To Americans, most of this seems downright wacky and unrelated to their security. But the debate over junk, scans, and pat-downs is missing a critical line of conservation. Folks should be asking and TSA should be explaining exactly what security measures actually are necessary and indeed do make passengers safer against terrorism? While there are undoubtedly some who would favor no security at the airports, it is clear that most Americans support security measures of one form or the other. In fact, in 2008, a study of 2,800 people found that 70% thought that the government was “doing an excellent or good job protecting air travel.” That’s opposed to 13% who thought the Department of Homeland Security was doing enough to enforce immigration laws (that’s for another blog).

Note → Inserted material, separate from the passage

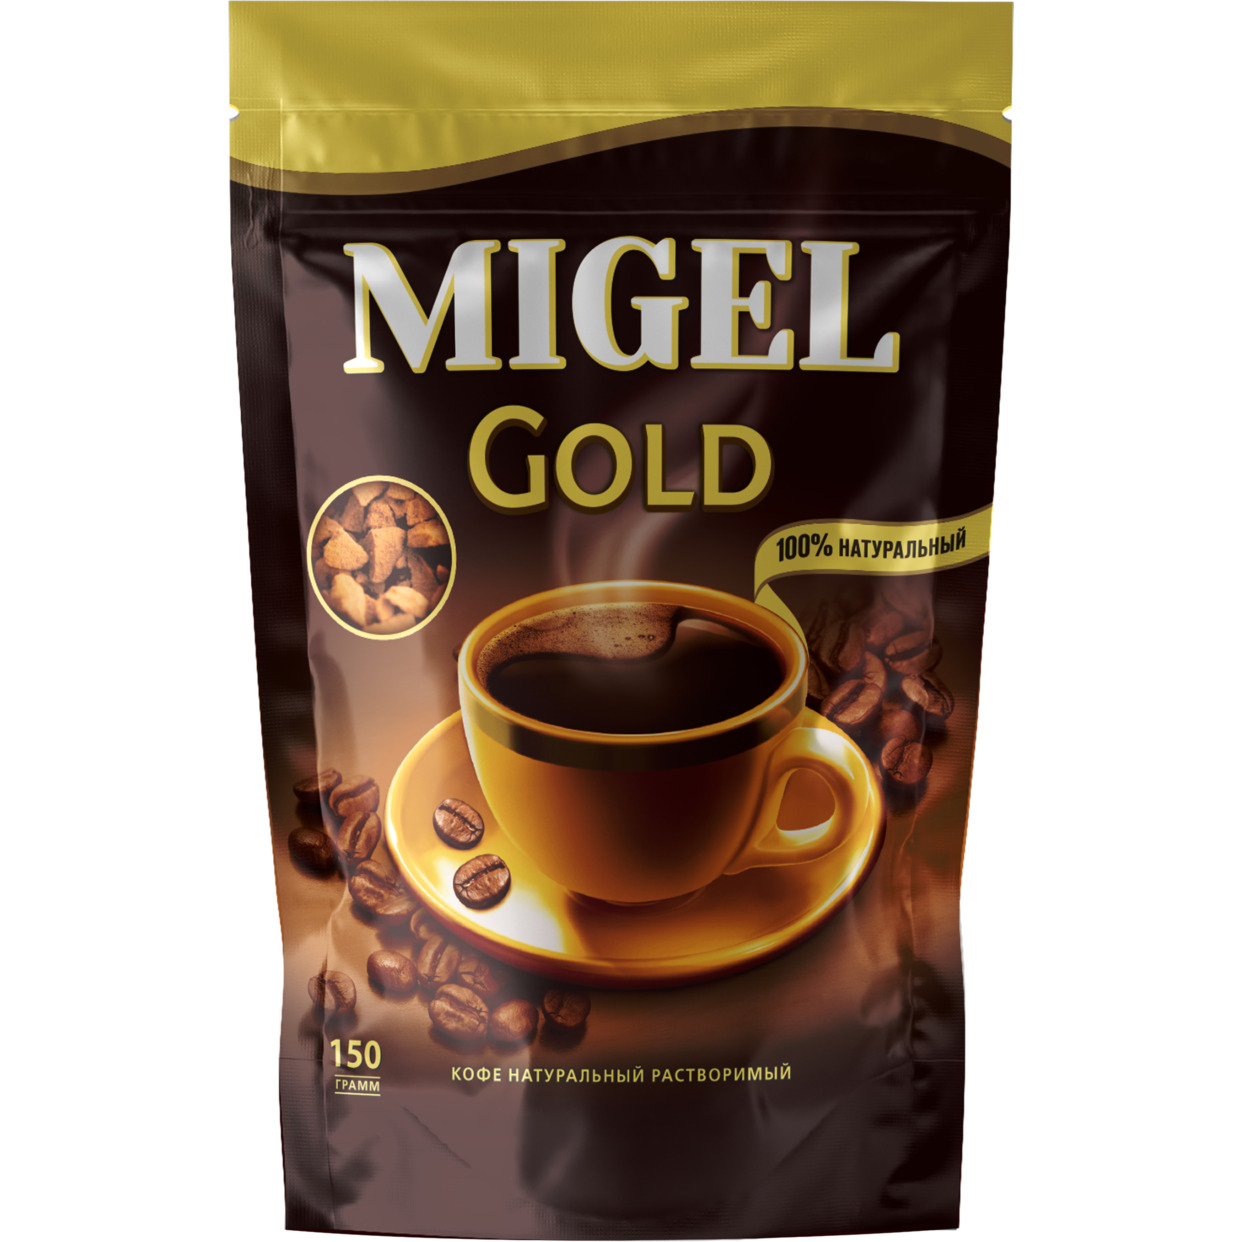 Кофе натуральный растворимый сублимированный MIGEL GOLD 150 г, дой-пак по акции в Пятерочке

Most law-abiding citizens want to know that there is indeed a method to the madness. Hello, TSA? Can you hear us? The right answer should be that TSA will have physical security measures, but they will be used to target passengers on the basis of risk. Hint to TSA: not everyone going through security is a risk. Differentiating between sweet Susie law-abiding citizen and would-be terrorist starts before either of them would ever enter the airport walls. In fact, previously foiled terrorist attacks have taught us that the best way to stop terrorism is to focus on improving the flow of intelligence between local, state, and federal law enforcement and empowering them to track down terror leads in communities. Additionally, working with our international partners and robust-interagency coordination on visa and intelligence matters is equally vital. Watchlists like Secure Flight assist TSA in stopping a terrorist from ever getting on a plane, and they don’t involve any kind of awkward pat-down.
It is equally naïve to think that there would never be a reason to subject passengers to physical screening, or even a full body scan or pat-down at an airport. Anyone who suggest otherwise would be great to play in a game of poker. If intelligence leads TSA screeners to believe that a person requires additional review based on credible intelligence—Americans should expect, if not demand that the government pull them aside. Most of this physical screening has no place, however, in primary inspection lines. Pretending that everyone is a risk is a weak way to do intelligence—the onus is on TSA and DHS as a whole to improve this process.